To determine the number of days that the students would use the water, we need to divide the capacity of the tank by the daily water usage per student:
Number of days = Capacity / (Number of students * Water usage per student)
Given:
Number of students = 500
Water usage per student = 40 litres
Number of days = 1,209,600 / (500 * 40)
Number of days ≈ 60.48 days
Since the number of days cannot be in decimal places, we round it to the nearest whole number.
Therefore, the students would use the water for approximately 60 days.
(a) To calculate the area of the curved surface of the tank, we need to find the slant height of the frustum of the cone first.
The slant height (l) can be found using the Pythagorean theorem:
l = √(h^2 + (r2-r1)^2)
where h is the height of the frustum (7.2 m), r1 is the top radius (6 m), and r2 is the bottom radius (12 m).
Plugging in the values, we get:
l = √(7.2^2 + (12-6)^2)
= √(51.84 + 36)
= √87.84
≈ 9.37 m (rounded to two decimal places)
Now, to calculate the curved surface area (A) of the frustum of the cone, we use the formula:
A = π(r1 + r2) l
Plugging in the values, we get:
A = π(6 + 12) * 9.37
= π(18) * 9.37
≈ 167.19 m² (rounded to two decimal places)
Therefore, the area of the curved surface of the tank is approximately 167.19 square meters.
(b) To find the capacity of the tank, we need to calculate its volume. The volume (V) of a frustum of a cone can be calculated using the formula:
V = (1/3) πh (r1^2 + r2^2 + r1r2)
Plugging in the values, we get:
V = (1/3) π * 7.2 * (6^2 + 6*12 + 12^2)
= (1/3) * 3.1416 * 7.2 * 216
≈ 1721.26 m³ (rounded to two decimal places)

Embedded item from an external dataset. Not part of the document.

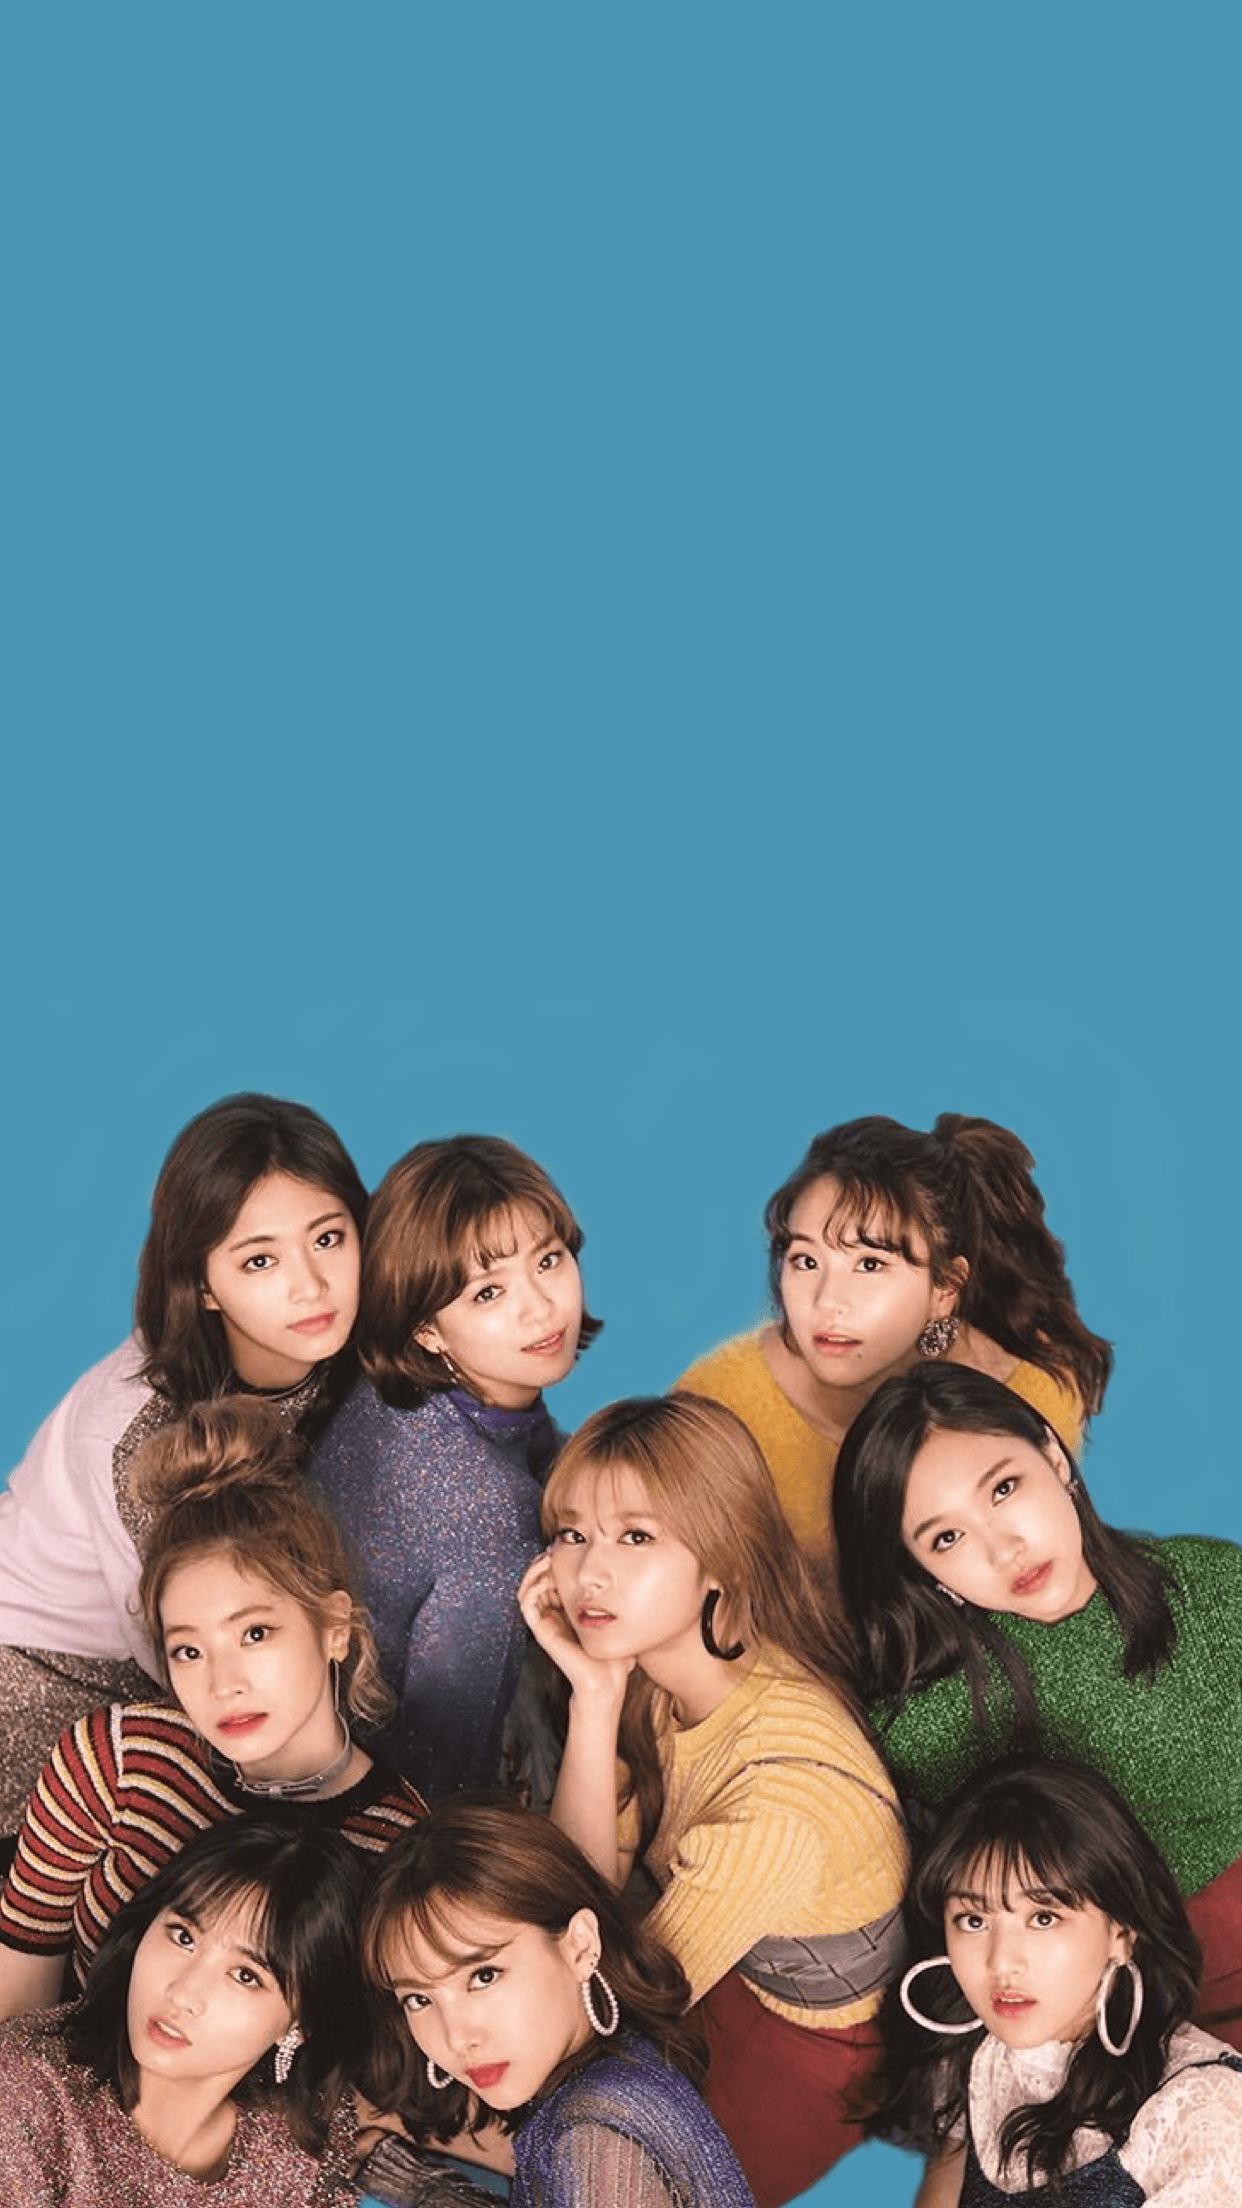 Twice Tt Wallpapers Wallpaper Cave I gathered a bunch of photos of twice you guys can use for wallpapers hope you enjoy the photos i fo. twice tt wallpapers wallpaper cave

To convert cubic meters to liters, we know that 1 cubic meter is equal to 1000 liters.
So, the capacity of the tank is approximately 1,721,260 liters (rounded to the nearest liter).
(c) If the tank is filled with water and the school has 500 students, with each student using an average of 40 liters of water per day, we can calculate the number of days they can use the water by dividing the capacity of the tank by the daily water usage:
Number of days = Capacity of tank / (Number of students * Daily water usage per student)
Number of days = 1,721,260 / (500 * 40)
= 86,063 / 20,000
≈ 4.30 days (rounded to the nearest day)
Therefore, the students would be able to use the water for approximately 4 days.